Development of an ex vivo system to assess murine adipocyte differentiation

开发评估小鼠脂肪细胞分化的离体系统

• 批准号: NE/X007294/1
• 负责人: Shanta Persaud
• 金额: $ 1.35万
• 依托单位: King's College London
• 依托单位国家: 英国
• 项目类别: Research Grant
• 财政年份: 2022
• 资助国家: 英国
• 起止时间: 2022 至 无数据
• 项目状态: 已结题
• 来源: https://gtr.ukri.org/projects?ref=NE%2FX007294%2F1
• 关键词: Development; ex; vivo; system; assess

MRC : Tanyel Ashik : MR/N013700/1Under healthy conditions, our body's fat cells act as important reservoirs to store energy, and they can also release hormones that influence how much we eat and how different cells in our body store nutrients. However, during the development of obesity, the capacity for these fat cells to store excess fat becomes impaired, as does the types of factors released by fat cells. This leads to profound problems with our normal regulations of blood sugar levels and increases the risk for developing other health conditions such as type 2 diabetes and cardiovascular diseases. There is therefore a need for effective long-term therapies to promote weight loss.Various proteins that influence the growth and development of fat cells have been identified. One such factor is 14-3-3zeta, a unique protein that can help to direct where proteins go in a cell. The host lab previously found that when 14-3-3zeta is deleted, this blocked the growth of fat cells, but unexpectedly, they have recently found that reducing 14-3-3zeta levels in fat cells causes them to lose their identity and revert to an immature state. While it was initially thought that 14-3-3zeta is expressed in every cell, this is not the case, especially in adipose tissue of mice. This suggests that a specific group of fat cells will lose their maturity if 14-3-3zeta levels are reduced, and whether this will have implications on overall metabolic health is not known. This will be addressed in the current project, which will use genetically modified mice expressing fluorescent proteins that allow purification of 14-3-3zeta-positive and 14-3-3zeta-negative fat cells from adipose tissues, and it will be determined if these different groups of fat cells behave differently. We will measure the expression of various genes and explore if the cells are functionally different. When fat cells are removed from adipose tissue, they cannot survive for extended periods of time so we will also develop a new method to promote the long-term culture of these different populations of fat cells to increase our ability to properly study them.The benefits of this research are two-fold: in the short term it will improve our understanding of the complexity of fat cell biology and in the longer term this advancement in knowledge may lead to the development of new approaches to treat obesity, a chronic disease that continues to increase in worldwide prevalence.

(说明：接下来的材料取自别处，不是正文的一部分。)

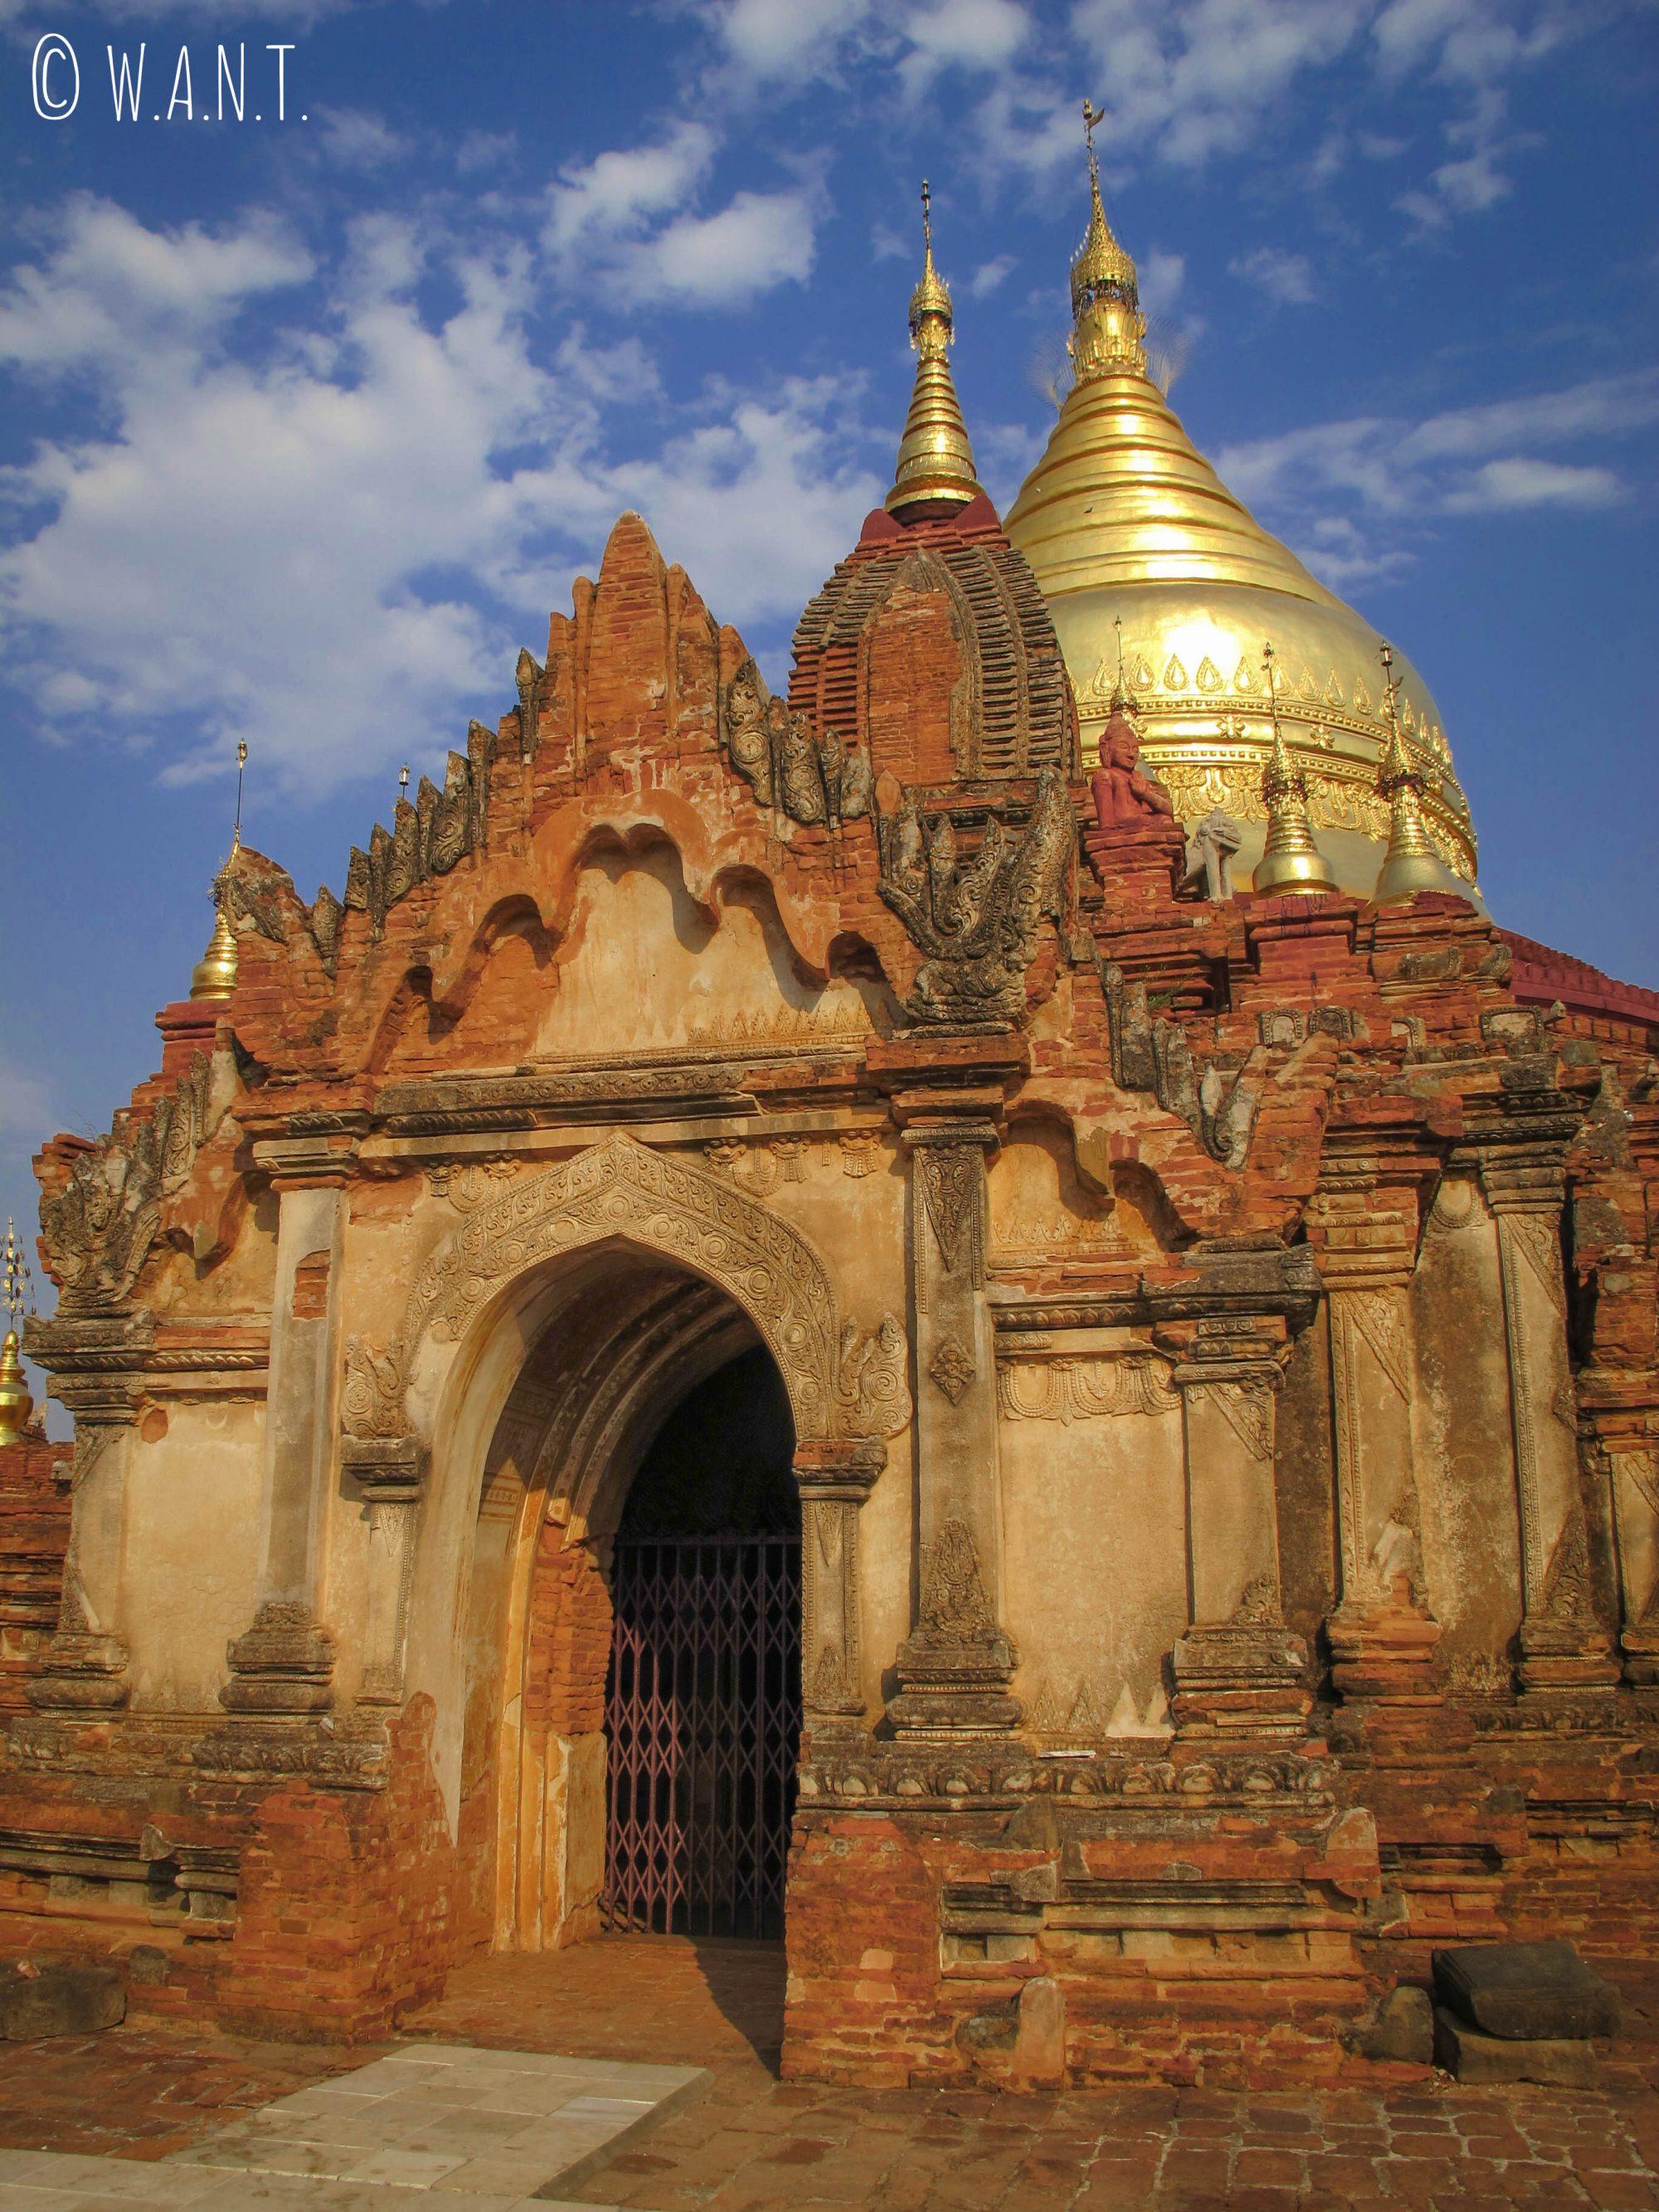 Magnifique architecture de la pagode Dhammayanzika
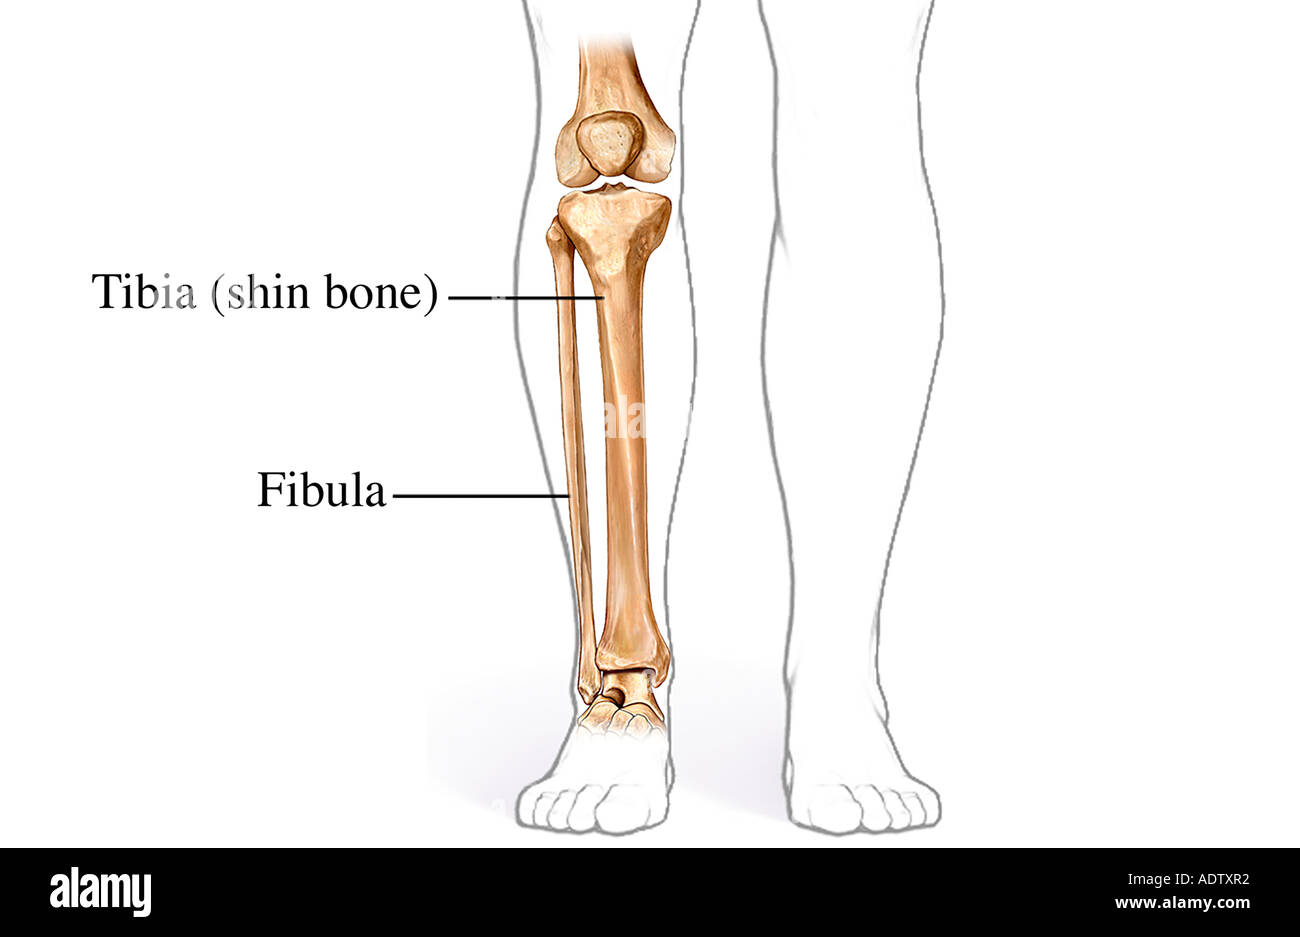 Bones Of The Lower Legs Stock Photos Bones Of The Lower Legs Stock

MRC：Tanyel Ashik：MR/N013700/1在健康的条件下，我们身体的脂肪细胞是储存能量的重要蓄水池，它们还可以释放荷尔蒙，影响我们吃的量以及我们体内不同细胞储存营养的方式。然而，在肥胖的发展过程中，这些脂肪细胞储存多余脂肪的能力会受到损害，脂肪细胞释放的各种因子也会受到损害。这导致我们对血糖水平的正常调节出现严重问题，并增加了发展成其他健康状况的风险，如2型糖尿病和心血管疾病。因此，需要有效的长期治疗来促进减肥。各种影响脂肪细胞生长和发育的蛋白质已经被识别出来。其中一个因素是14-3-3zeta，这是一种独特的蛋白质，可以帮助指导蛋白质在细胞中的去向。主办实验室此前发现，当14-3-3zeta被删除时，这会阻止脂肪细胞的生长，但出乎意料的是，他们最近发现，降低脂肪细胞中的14-3-3zeta水平会导致它们失去身份，恢复到未成熟状态。虽然最初认为14-3-3zeta在每个细胞中都有表达，但事实并非如此，特别是在小鼠的脂肪组织中。这表明，如果14-3-3 zeta水平降低，一组特定的脂肪细胞将失去成熟，这是否会对整体新陈代谢健康产生影响尚不清楚。目前的项目将解决这一问题，该项目将使用表达荧光蛋白的转基因小鼠，允许从脂肪组织中纯化14-3-3zeta阳性和14-3-3zeta阴性的脂肪细胞，并将确定这些不同的脂肪细胞组是否表现不同。我们将测量各种基因的表达，并探索细胞是否在功能上有所不同。当脂肪细胞从脂肪组织中移除时，它们无法长期存活，因此我们还将开发一种新的方法来促进这些不同群体的脂肪细胞的长期培养，以提高我们正确研究它们的能力。这项研究的好处有两个：从短期来看，它将提高我们对脂肪细胞生物学复杂性的理解，从长远来看，这种知识的进步可能会导致开发治疗肥胖的新方法。肥胖是一种慢性病，在全球范围内的患病率继续上升。